Senin, Januari 17, 2011

AYAT KEDUA SURAT AL-FÂTIHAH

Ayat kedua surat al-Fâtihah berbunyi: الحمد لله رب العالمين, terdiri dari 5 kalimah berupa 1 kalimah huruf yaitu ل dan 4 kalimah isim, yaitu الحمد , لله, رب, dan العالمين. Masing-masing akan diuraikan berikut ini.



الحمد

Merupakan kalimah isim dengan tanda terdapat alif lâm (ال) yang masuk pada kalimah حمدٌ yang berarti pujian (الثناء)[1]. Hamd (حمد) adalah mashdar dari hamida-yahmadu (حمِد-يحمَد) mengikuti wazan (timbangan): fa’ila-yaf’alu (فعِل-يفعَل)[2]. Wazan lengkapnya:

فَعِلَ – يَفْعَلُ – فَعْلا ومَفْعَلا – فَهُوَ فَاعِلٌ – وذَاكَ مَفْعُوْلٌ – افْعَلْ – لاَ تَفْعَلْ – مَفْعَلٌ – مَفْعَلٌ – مِفْعَالٌ



الحمد adalah pujian atas pihak yang dipuji karena kebagusan sifat dan perbuatan pihak yang dipuji tersebut.[3] Berbeda dengan syukur (الشكر), yaitu pujian atas pihak yang dipuji karena nikmat/kebaikan yang diberikan.[4]

ل adalah huruf dengan banyak sekali makna.[5] Di dalam kitab al-Janâ ad-Dânî, disebutkan tiga puluh makna.[6] Sedangkan di kitab Mughnî al-Labîb disebutkan dua puluh makna.[7] Dalam ayat ini, maknanya adalah al-ikhtishâsh (mengkhususkan).[8] Huruf ل di sini termasuk salah satu huruf jârr. Huruf jârr selengkapnya sebagaimana diterangkan dalam Matn al-Ajurûmiyah adalah من, إلى, عن, على, في, رب, ب, ك, dan ل ditambah 3 huruf qasam (sumpah): و, ب, dan ت.
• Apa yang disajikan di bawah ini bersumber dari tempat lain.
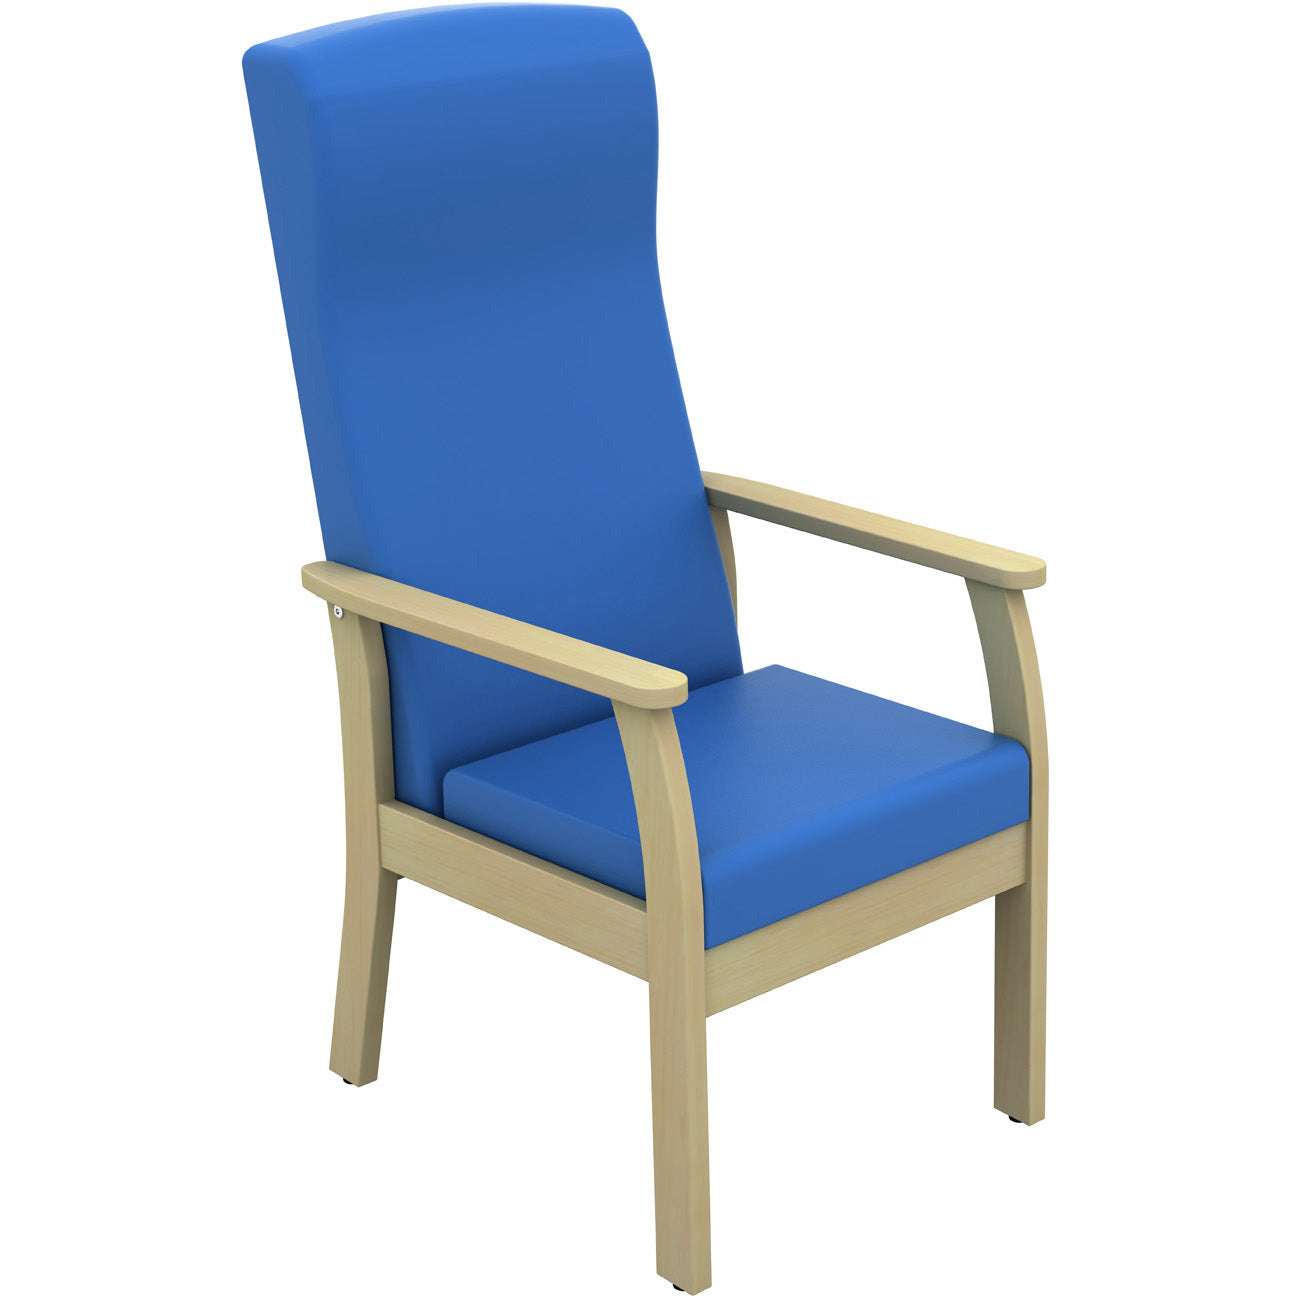 Sunflower Atlas High-Back Patient Chair - Vinyl Upholstery

الله merupakan Nama diri bagi (satu-satunya) Dzat yang berhak diibadahi.[9] Penulisan lafazh الله ketika dimasuki huruf ل menjadi لله.

Kalimat الحمد لله dimaksud sebagai ungkapan pujian kepada Allah berikut pengertian yang terkandung di dalamnya, yaitu bahwa Allah SWT adalah Yang memiliki semua pujian yang diungkapkan oleh semua hamba-Nya.[10] Atau makna yang dimaksud ialah bahwa Allah SWT adalah Zat yang harus mereka puji.[11]

Ayat ini memiliki susunan berupa jumlah ismiyah (الجملة الإسمية), yaitu susunan kalimat yang didahului oleh kalimah isim. Jumlah ismiyah tersusun atas dua komponen, yaitu mubtada` (مبتدأ) dan khabar (خبر). Mubtada` adalah komponen yang diterangkan, sedangkan khabar adalah komponen yang menerangkan. Misal: زيدٌ قائمٌ (Zaid berdiri). Kalimah زيد berkedudukan sebagai mubtada`, sedangkan قائم berkedudukan sebagai khabar. Dalam ayat ini, الحمد لله berkedudukan sebagai mubtada`, لله berkedudukan sebagai khabar.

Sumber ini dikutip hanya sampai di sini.